Kenton's Workers security posts separate API-level capability design from
execution isolation. Workers uses V8 isolates for density, but wraps them with
cordons, process isolation for higher-risk cases, Linux sandboxing, supervisor
processes, local proxy mediation, V8 patch discipline, and timing/Spectre
mitigations. Dynamic Process Isolation research with TU Graz addresses the
harder Spectre isolation problem when many tenants share isolate infrastructure.

The "Sandboxing AI agents, 100x faster" post reuses this isolate foundation for
Dynamic Workers: fast disposable isolates for AI-generated code, rather than
heavyweight containers. The post emphasizes speed and density, but the security
claim depends on the broader Workers platform, not a bare runtime library.

capOS implications:

- Capability-shaped APIs are not a substitute for execution isolation. capOS
  should continue treating page tables/processes, resource ledgers, and future
  sandboxing as separate security layers.
- If capOS runs AI-generated code, isolate-style fast startup is attractive,
  but the capOS trust boundary must include side-channel and resource controls.
- For browser/Wasm proposals, Workers is evidence that isolates can scale, but
  also that Spectre/timing mitigations are first-order design constraints.
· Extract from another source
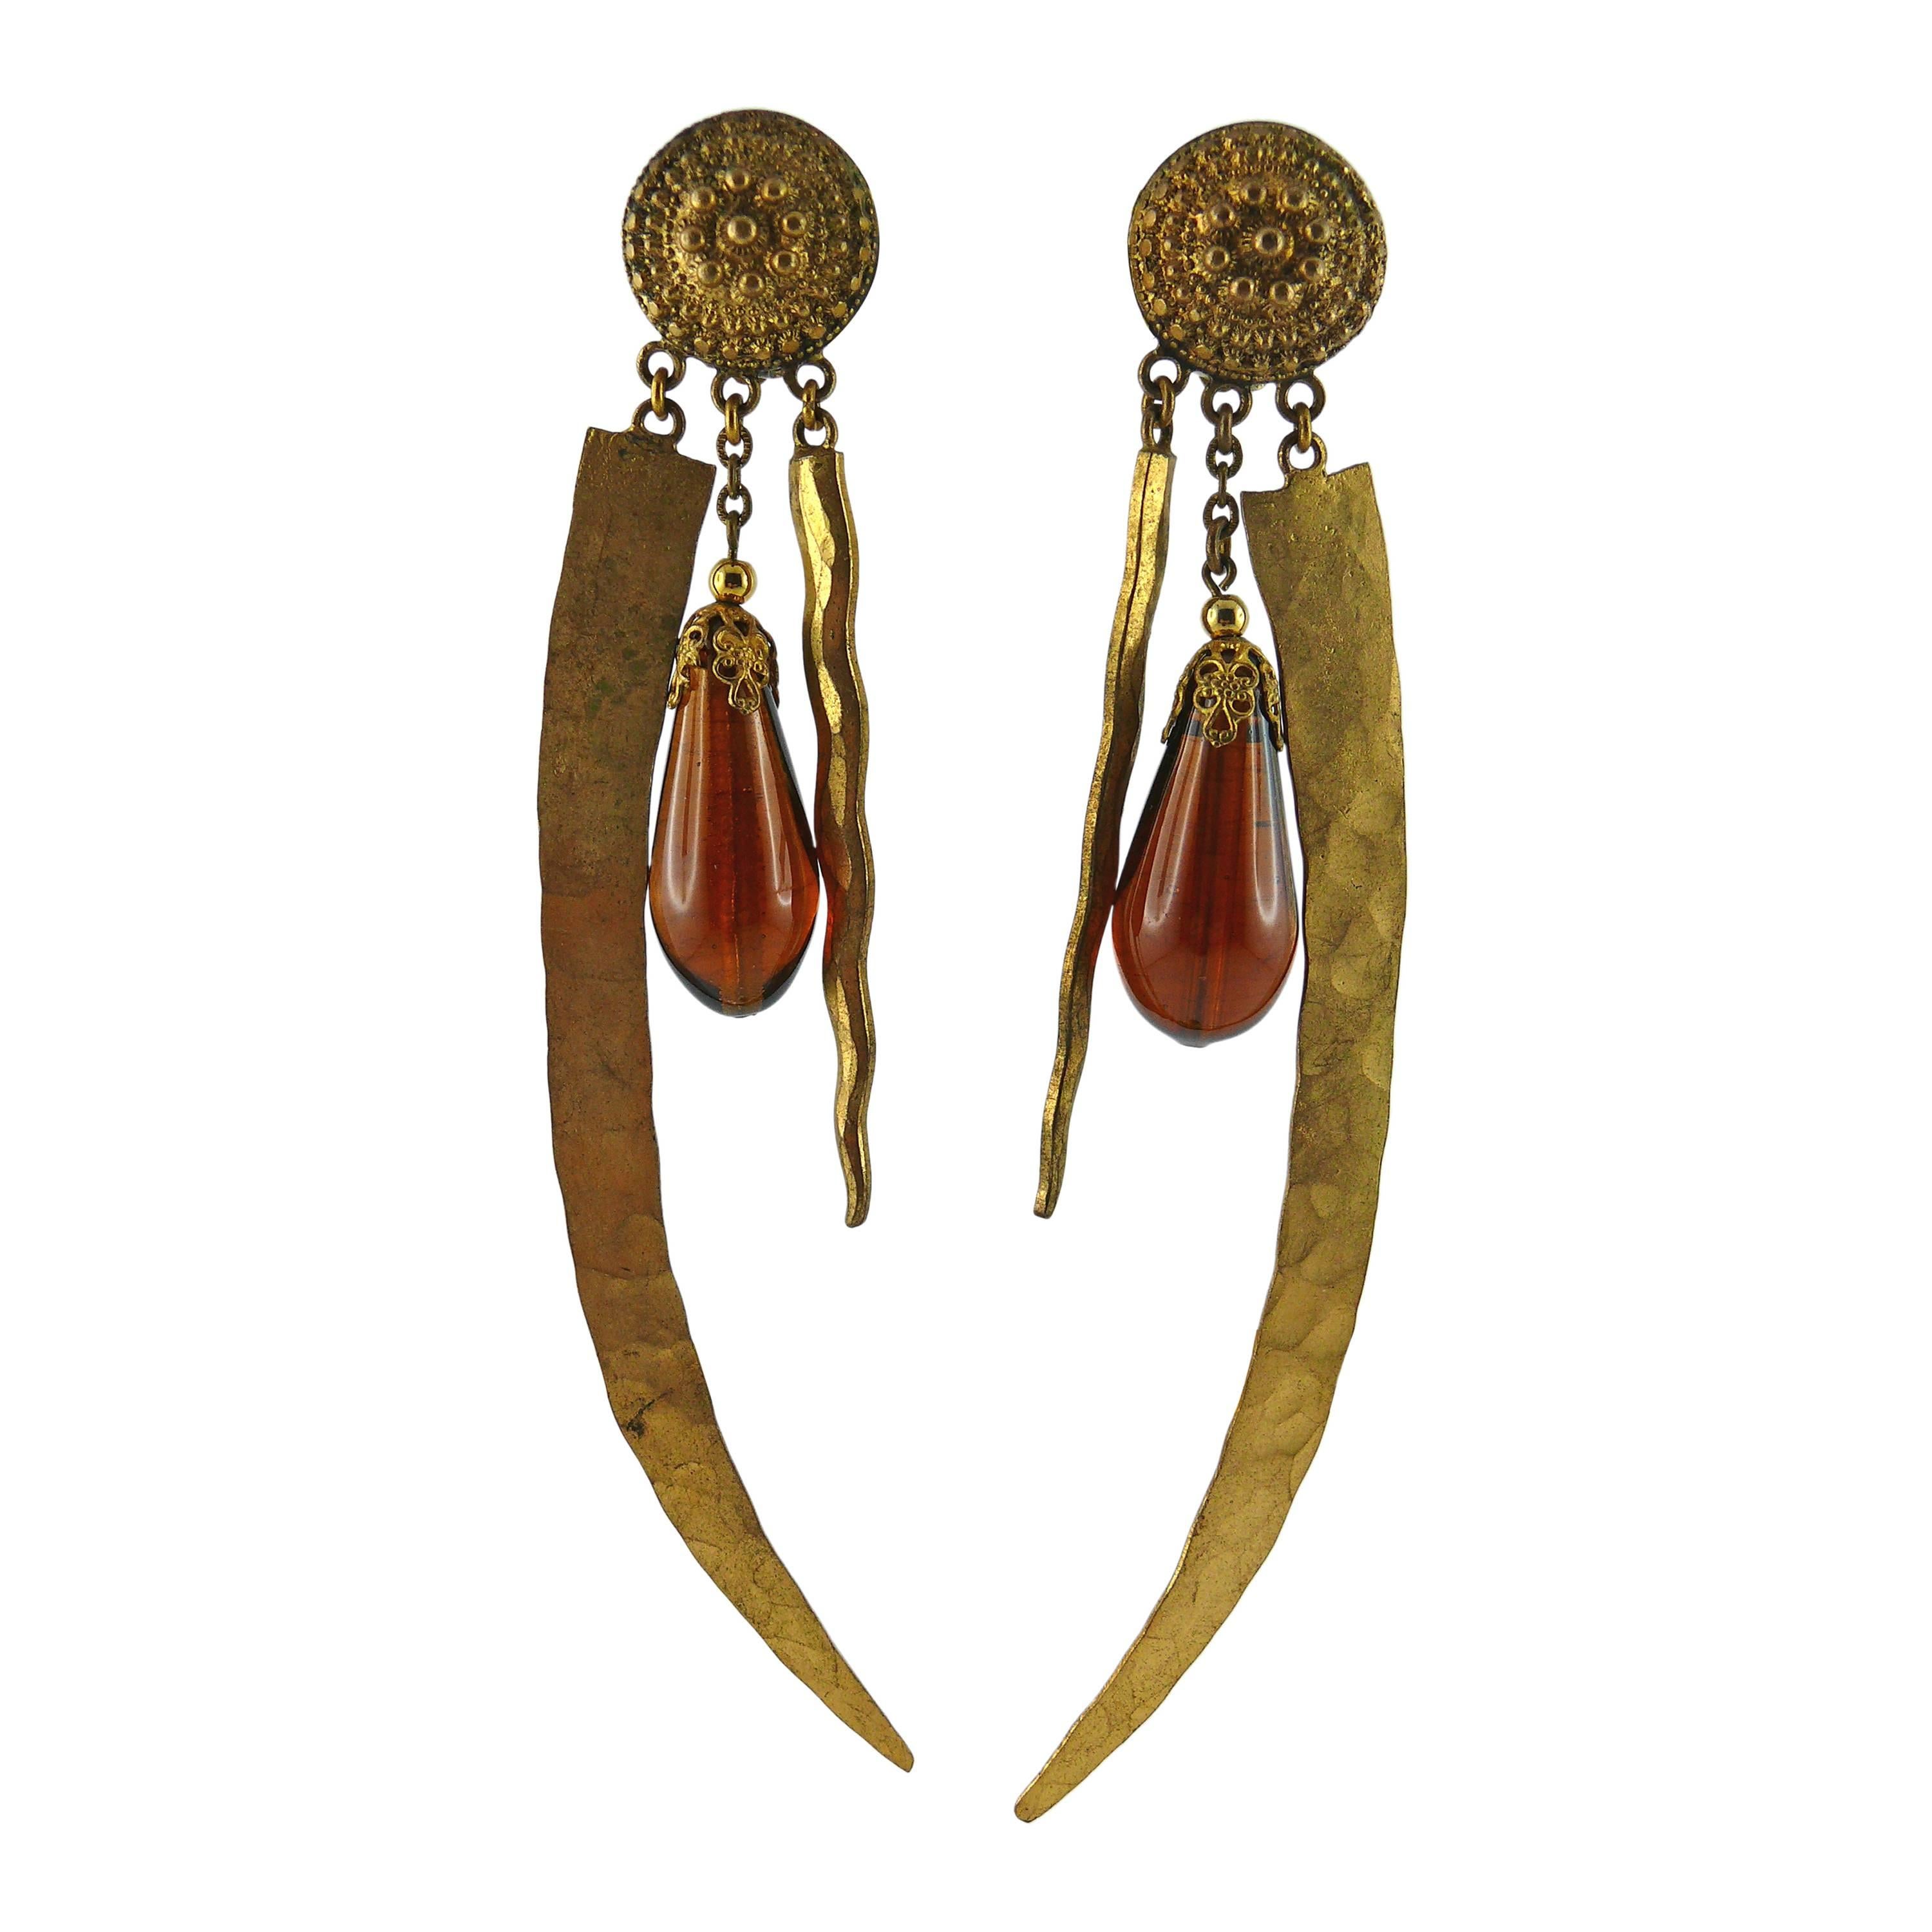 Yves Saint Laurent Vintage Rare Early Oriental Style Dangling Earrings

## Cloudflare's Cap'n Proto Uses

Cloudflare's public sources describe several Cap'n Proto uses:

- Workers runtime implementation: Cap'n Proto and KJ are core implementation
  pieces.
- Sandbox/supervisor and cross-machine/datacenter communication.
- Durable Objects: Cap'n Proto RPC is heavily used for communication in the
  system.
- Internal Workers: Cloudflare added Cap'n Proto RPC bindings so internal
  Workers can call services such as Quicksilver, DNS, and DoS-protection
  systems. Schemas are bundled with the Worker at publication time, and the
  runtime converts JavaScript data to/from Cap'n Proto.
- Worker sharding/cold-start reduction: cross-instance communication in the
  Workers runtime uses Cap'n Proto RPC, including capabilities to lazily loaded
  local Worker instances.
- Older Cloudflare infrastructure: Cloudflare wrote `lua-capnproto` and used
  Cap'n Proto in logging/analytics pipelines before Kenton joined.

capOS implications:

- A typed Cap'n Proto RPC bridge is a credible first remote-capability proof:
  Cloudflare uses schema-bundled service calls from JavaScript into internal
  Go/Rust services.
- Lazy capabilities are useful for cold-start and placement problems. A remote
  cap may represent a lazily created service, but invocation must still be
  explicit and resource-accounted.
- The capOS "capability proxy" should be framed as a service with explicit
  listen/connect authority, schema selection, and resource budgets, not a
  generic kernel network mode.

## Workers JavaScript-Native RPC

Cloudflare Workers RPC lets Workers and Durable Objects communicate by calling
methods on JavaScript classes exposed through bindings. It is built on Cap'n
Proto but removes schema boilerplate from the JavaScript developer surface.

Key properties:

- Calls are asynchronous regardless of whether the server method was declared
  async.
- Parameters and return values can include structured-clonable data.
- Functions and objects can be passed by reference; the receiver gets a stub
  and later calls back to the original location.
- Calls to service bindings often stay in the same thread, reducing local RPC
  overhead dramatically.
- When calls cross the network, promise pipelining lets dependent calls on a
  returned object travel in one round trip.
- Security is object-capability based: a side can only invoke objects/functions
  for which it has received a stub.

capOS implications:

- It is reasonable for capOS to expose developer-friendly language bindings
  above typed capability transport. The kernel ABI should stay narrow, but
  userspace runtime APIs can feel like method calls on local objects.
- Promise pipelining is not optional polish for object-style APIs over
  latency. Cloudflare documents it as the mechanism that prevents API designs
  from collapsing into coarse ad hoc batch methods.
- A local fast path matters. RPC calls that stay within one scheduler/runtime
  context should avoid unnecessary network-shaped overhead.

## Code Mode and Agents

Kenton's Code Mode post argues that agents should often write code against a
typed API rather than emit raw tool calls directly. The Cloudflare claim is that
MCP is useful as an API discovery/connection layer, but complex workflows are
better expressed as code that calls a TypeScript API. This reduces token flow
through the model when chaining operations and lets normal language tooling
carry structure.

capOS implications:

- This supports the capOS hosted-agent direction: present capability-scoped
  tools as typed APIs and let agents compose them in code under a sandbox,
  instead of exposing broad stringly tool surfaces directly to the model.
- Approval gates should wrap the capability/API boundary, not be hidden inside
  prompt text.
- Promise pipelining and object references may reduce tool-call latency, but
  only after authority and review gates are preserved.

## Cap'n Web

Cap'n Web is a 2025 Cloudflare RPC protocol and TypeScript implementation by
Kenton Varda and Steve Faulkner. It is explicitly described as a spiritual
sibling to Cap'n Proto for the web stack.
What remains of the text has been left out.